Once you feel somewhat confident you know what your users’ needs are, and your organization has clearly defined business goals, you’re ready to take the first step toward developing a content strategy. It’s time for an audit.
Fear not. A content audit is more like cleaning out a long-neglected closet than facing green-eyeshade enforcers from the IRS. A content audit should help you answer the following core questions:
- How much content does your organization have across its publishing landscape? Is there more, or less, in some categories than you expected?
- Which business goals and user needs are served the most and least?
- How much content is out of date or inaccurate?
- What content do you want to keep, or leave behind?
- What content needs to be rewritten?
Your audit should include not just the content on your website or in your blogs, but also your email newsletters and any customer-facing information from your affiliated websites (such as e-commerce, webinars, YouTube, conferences) and social media.
Quantity and quality
As authors Kristina Halvorson and Melissa Rach put it in their useful e-book “Content Strategy for the Web” (2012, Pearson Education), a content audit can be viewed in four categories: Substance, Structure, Workflow and Governance.
Substance refers to the quantity and quality of the content you’ve published. Structure refers to how well your content is categorized, or indexed (by keywords or a more formal taxonomy of topics and subtopics). Using your website’s analytics, the quantitative part of the audit should answer the following questions:
- How many items do you have for each source?
- What are the most popular content types (blog item, article, video, photo slideshow, etc.) for each source?
- How many items are there under each topic/subtopic? How many are not indexed, but should be?
- How do your pages fare with search-engine optimization (SEO)? There are free tools available online to help you assess this, such as SEO Quake and Moz.com.
- What are the most popular referrals by item count?
- Which categories of items most often result in users staying on/leaving the site (bounce rate)?
The qualitative part of your audit is more difficult, but also more fun and revealing. Here is where you get to apply some judgment, by ranking your content according to some key attributes. You can decide what those are, but some common attributes include:
- How usable is the item? Does the link work; is the page buggy? Are the paragraphs too long or too short? Is it written well, in the voice and style you want to best reflect your brand? Does it meet a valid user need, as well as a business need? (If not, toss it.)
- Can you find it easily? How would a user find the item in your navigation, site search or third-party search?
- Is it timely? When was it last updated? Is the information still relevant today?
- Most importantly: Is there a call to action, something that would cause the user to take the next step in consuming your products or services?
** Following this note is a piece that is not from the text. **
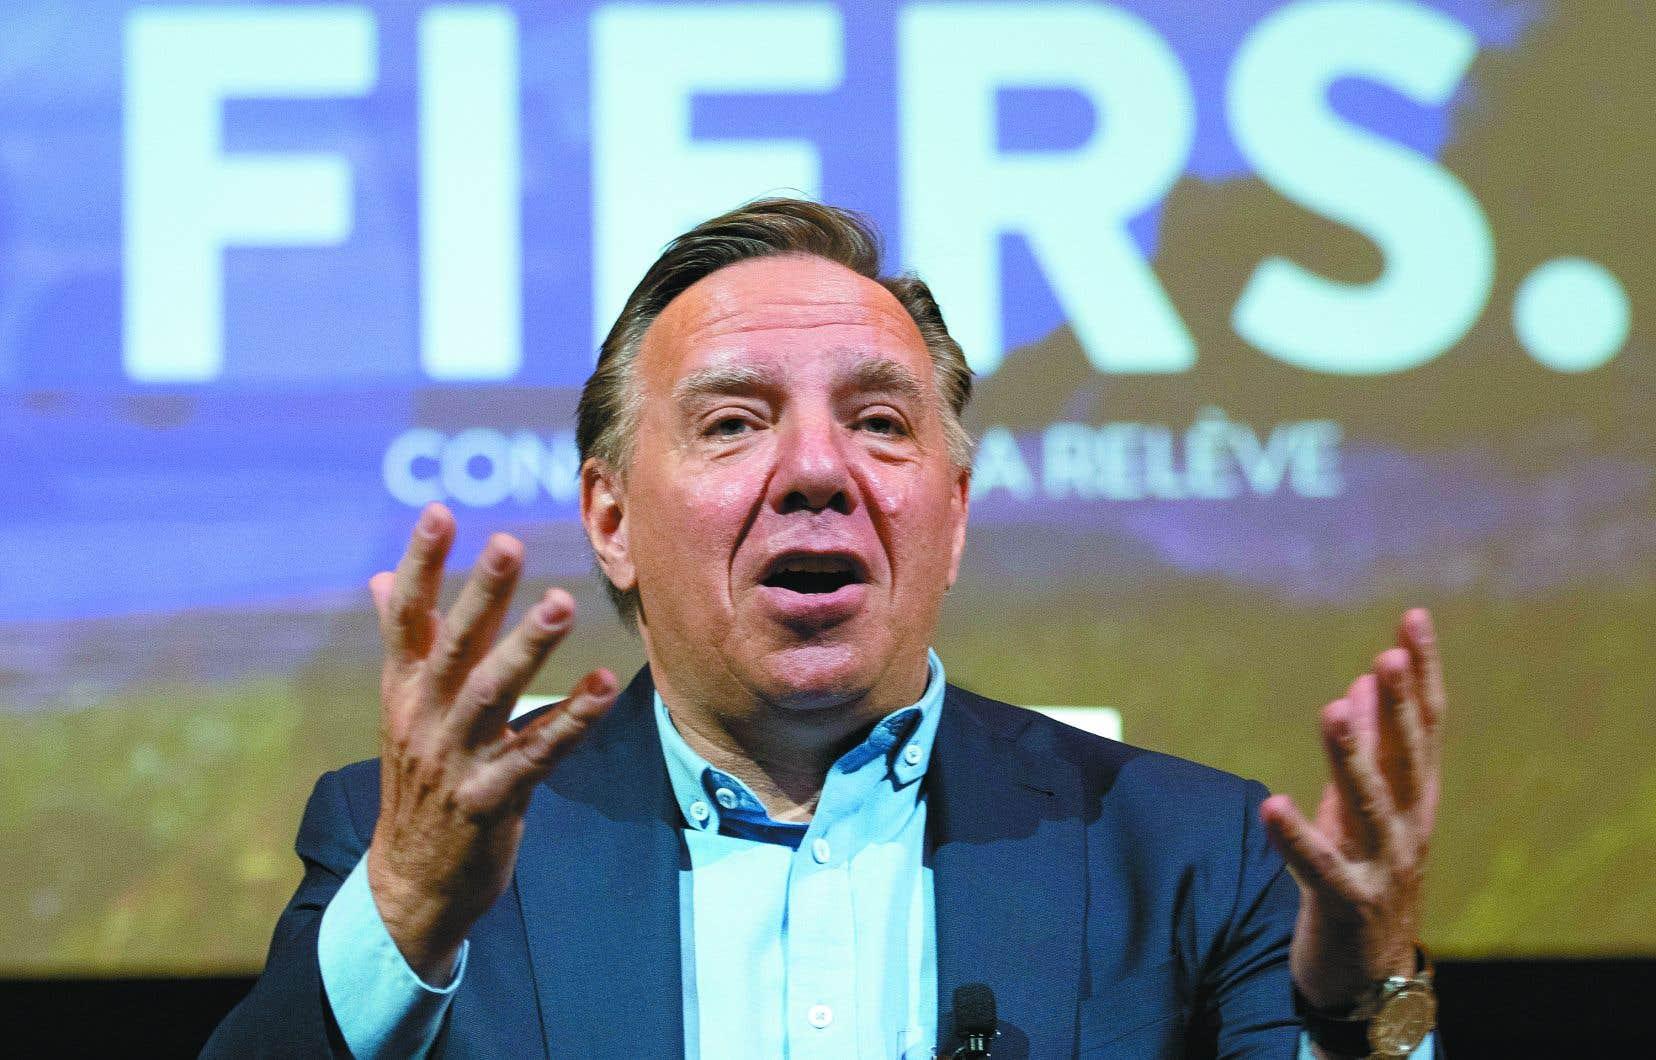 «Ce n'est pas le temps au Québec de se diviser. C'est le temps de défendre notre cohésion sociale», a dit le premier ministre durant son allocution,

The qualitative survey should help you answer the ultimate questions of what content to keep, what needs to be rewritten and what to remove from your site. You’ll also be able to assess what items need to be improved so they are part of an intentional customer journey, targeted to a specific user need, that results in an action.
Workflow and governance
The other two aspects of your audit involve how you publish and market your content. Look at your workflow — the steps you and your team take to conceive, create, produce and publish a piece of content. Are there ways to improve your workflow to improve quality and gain efficiencies?
Finally, consider questions of governance: Who makes the decision on what and when to publish (and how many get to make that decision)? Do you have a shared calendar that dictates when emails are sent and content is published? Who enforces writing quality, voice and branding guidelines?
Once you’ve answered these questions, congratulations: You’ve survived your audit, even if much of your content likely did not. You now have a kind of baseline MRI of your entire content publishing and marketing operation. From there, you can develop your content strategy, knowing better the steps you need to take to make your content work smarter for your organization.